La parola chiave è “MOOC”. È l’acronimo dell’inglese “Massive Open Online Course” e sta ad indicare un nuovo indirizzo verso cui si stanno dirigendo tutti i college più prestigiosi, ovvero la possibilità di pubblicare gratuitamente su internet le lezioni di alcuni dei corsi erogati da questi atenei.
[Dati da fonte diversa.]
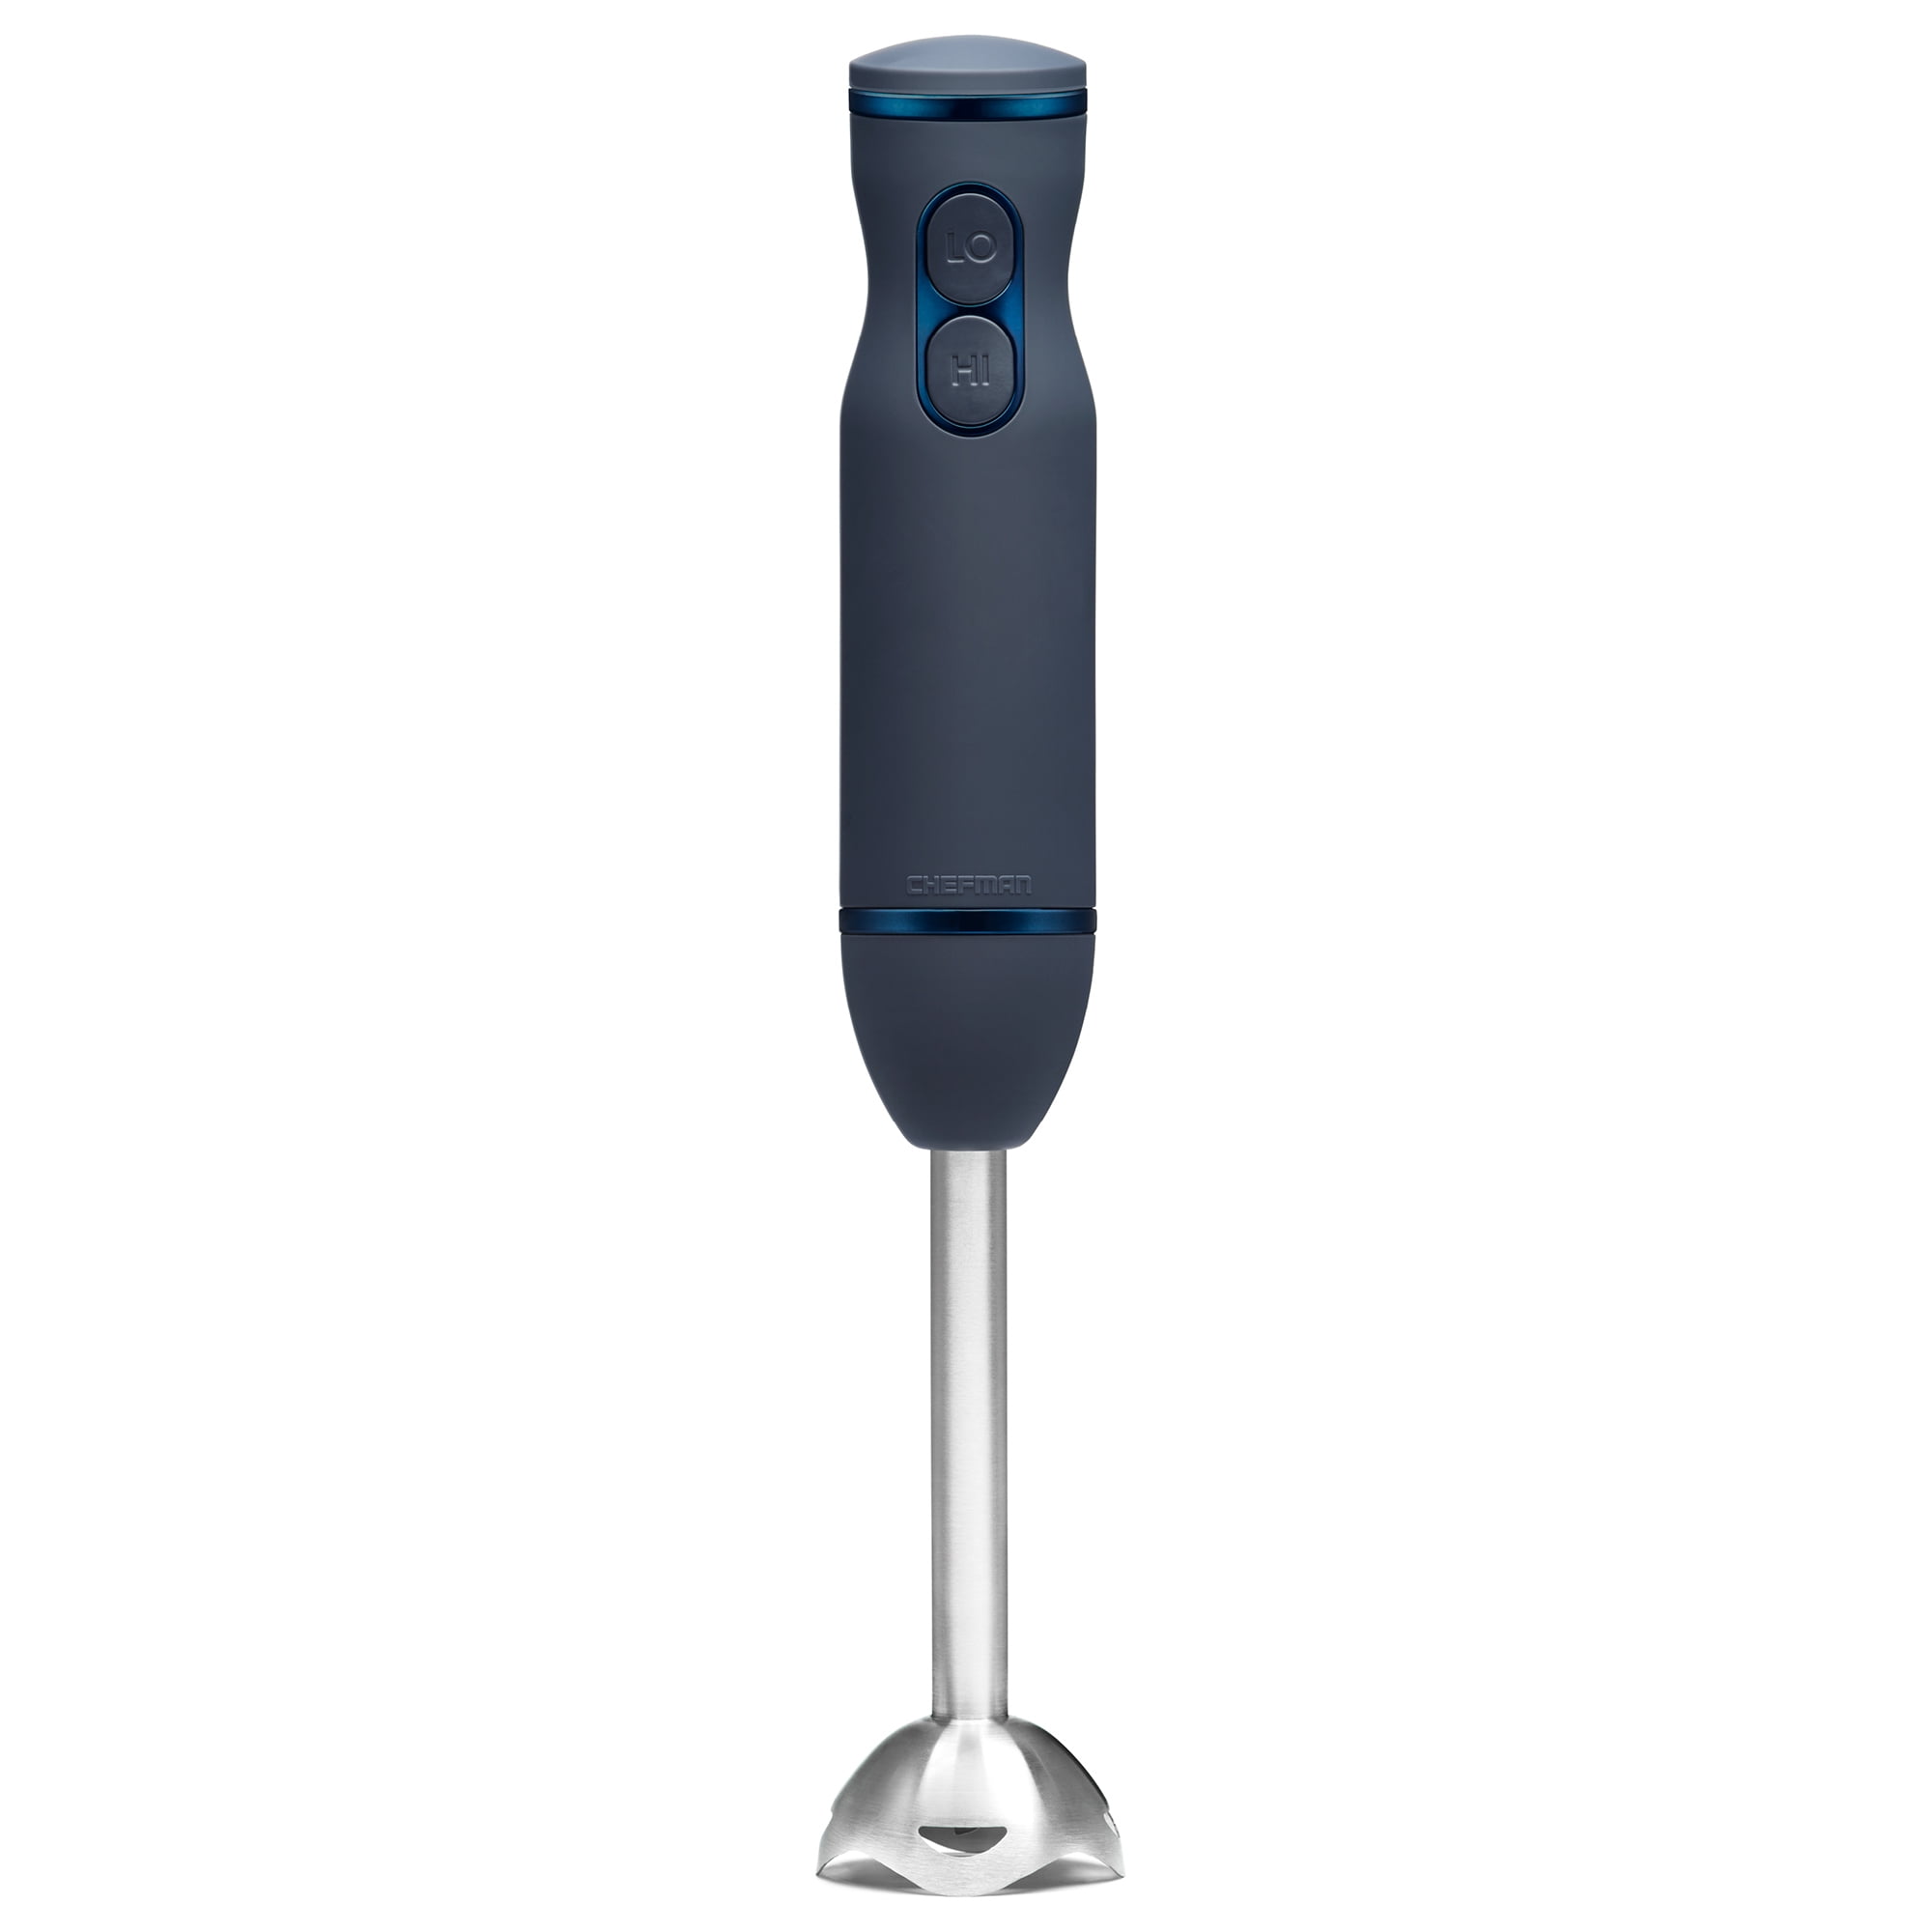 Chefman Cordless Portable Immersion Blender with One-Touch Speed Control -  Quick Mix for Shakes, Smoothies, Soups

Anche in Italia questo tipo di attività sta iniziando a prendere piede, alcuni Atenei infatti come ad esempio l’Università degli Studi Niccolò Cusano, offrono la possibilità di seguire le lezioni direttamente e di gestire telematicamente il materiale didattico.

Gli obiettivi? Sono molteplici. C’è innanzitutto una questione di prestigio: portare in tutto il mondo la qualità dell’insegnamento offerto significa per queste Università sfruttare un canale di promozione efficace ancorché gratuito.

Ma i benefici ci sono, ed evidenti, anche per chi usufruisce di questi corsi, che possono infatti essere seguiti tanto dai ricchi rampolli della borghesia di Boston quanto da un giovane di belle speranze (e poche risorse economiche) che magari vive l’Africa Sahariana.

Al fine di raccogliere e diffondere i vari corsi attraverso i vari strumenti offerti oggi dall’e-learning ciascun ateneo aderente al progetto MOOC ha adottato una piattaforma di distribuzione dei propri contenuti: tra le più conosciute ci sono edX (utilizzata da Harvard e dal MIT) e Coursera che è invece la più grande al mondo con oltre 3 milioni di membri.